A month ahead of the screening of a new satirical film about the death of Zimbabwean President Robert Mugabe and his attempts to avoid judgment in the afterlife, the producer has gone into hiding after receiving threats to pull the plug – or else.

Great Britain’s Most Mischievous Son is due to play at the Paris Independent Film Festival in November. It was made by Zimbabwean Godknows Nare, who describes it as a mix of comedy and action, with strong political undertones.

The film centres on three characters – President Roberto, Disgrace Mugabe and Lucifer – and has a supporting cast of about 45 actors.

Roberto and his wife Disgrace die in a plane crash, en route to Malaysia. Most of the movie is set in heaven’s waiting room, where the Mugabes connive with Lucifer to avoid answering to God about the 1983 Matabeleland massacres.

“We are hitting them hard, everyone involved in the killing of [thousands of Ndebele] people in Matabeleland in western Zimbabwe,” Nare told the Mail & Guardian this week.

Mugabe’s role in the massacres was officially exposed last year in declassified documents released by the government.

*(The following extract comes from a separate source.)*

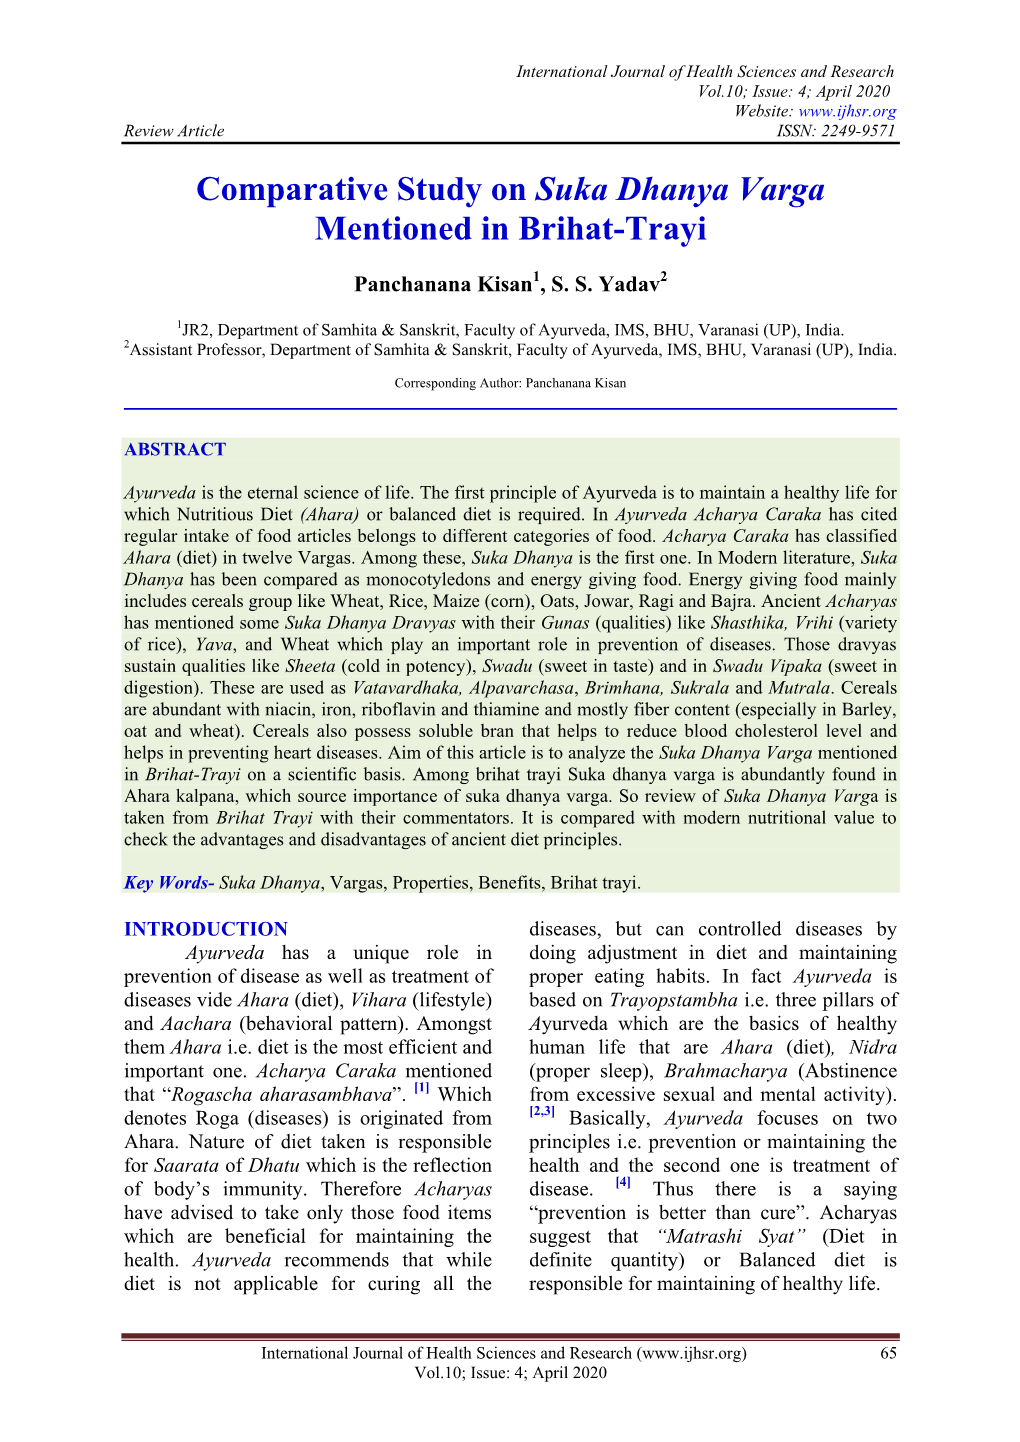 Comparative Study on Suka Dhanya Varga Mentioned in Brihat-Trayi

They appear to show that the massacres were the result of an effort by Mugabe’s ruling Zanu-PF party to eliminate opposition in the aftermath of the country’s independence from Britain. The film apportions blame for the massacre on Mugabe, based on this revelation.

The film also implicates several other Zimbabwean politicians in the massacre, including vice-president Emmerson Mnangagwa, Joice Mujuru, former vice-president and now leader of the opposition Zimbabwe People First party, and her late husband, liberation war icon Solomon Mujuru.

In one of the scenes, Roberto and his wife are duped into believing there is an alternative to gaining access to heaven – one that doesn’t require facing God. Disgrace is led away by Lucifer and has sex with him.

“Lucifer is a very interesting character because he’s actually their fixer. They call him ‘homeboy’. Some of the tricks they use to get into heaven includes what they call ‘dollar diplomacy’ and even sex,” Nare explains.

Nare has been working on documentary projects since the 2008 Zimbabwean elections that saw Mugabe retain power. His work includes the 2009 documentary Hell Hole, which showed the horrifying conditions in Zimbabwe’s prisons. He has also documented attacks on Zimbabweans in South Africa, where he has lived for the past 20 years.

Over the past two months Nare has received threatening SMSes and phone calls warning him to stop production and return to Zimbabwe with all the footage.

The movie’s production manager, Eunice Ngoma, confirmed that one of the main actors had pulled out, “fearing the consequences” for mocking Mugabe and his wife.

Nare remains undeterred. “I feel scared … but this is just tip of the iceberg. When it shows overseas it will be serious, because I’m making such a huge mockery of the president and other politicians,” he says.